Dalam prakteknya sanksi bunga yang sering dikenakan terhadap Wajib Pajak adalah
sanksi keterlambatan membayar pajak sesuai Pasal 9 Ayat (2a), sanksi bunga kurang bayar
akibat pemeriksaan dan sanksi bunga pengalihan sesuai Pasal 19(1).

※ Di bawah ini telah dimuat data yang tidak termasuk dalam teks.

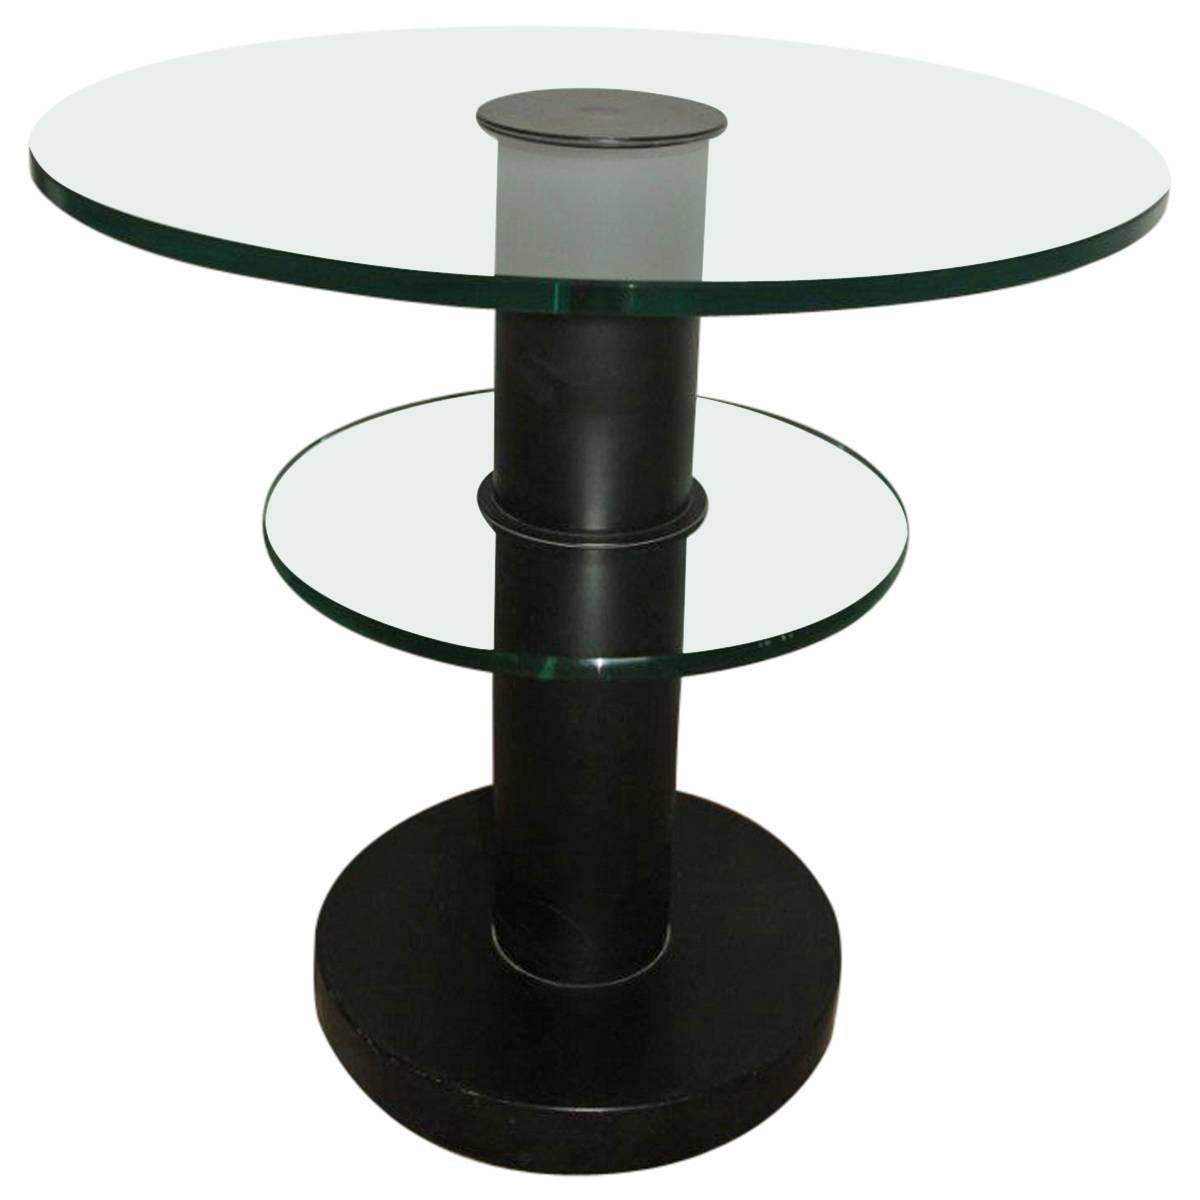 Round Coffee Table Gio Ponti For Fontana Arte 1960s Black Trasparent Glass Elegant Coffee Table Round Coffee Table Mahogany Coffee Table [ 1200 x 1200 Pixel ]

Masyarakat Wajib Pajak semestinya memahami ketentuan tentang pengenaan
sanksi ini karena dalam perakteknya Wajib Pajak yang tidak tahu hal ini dikenakan sanksi
yang cukup memberatkan. Seseorang manager keuangan harus memahami ketentuan ini
karena akan terkait dengan management cash flow perusahaan. Dalam dunia tax planning,
aspek sanksi pajak ini juga menjadi salah satu aspek yang mesti di pertimbangkan.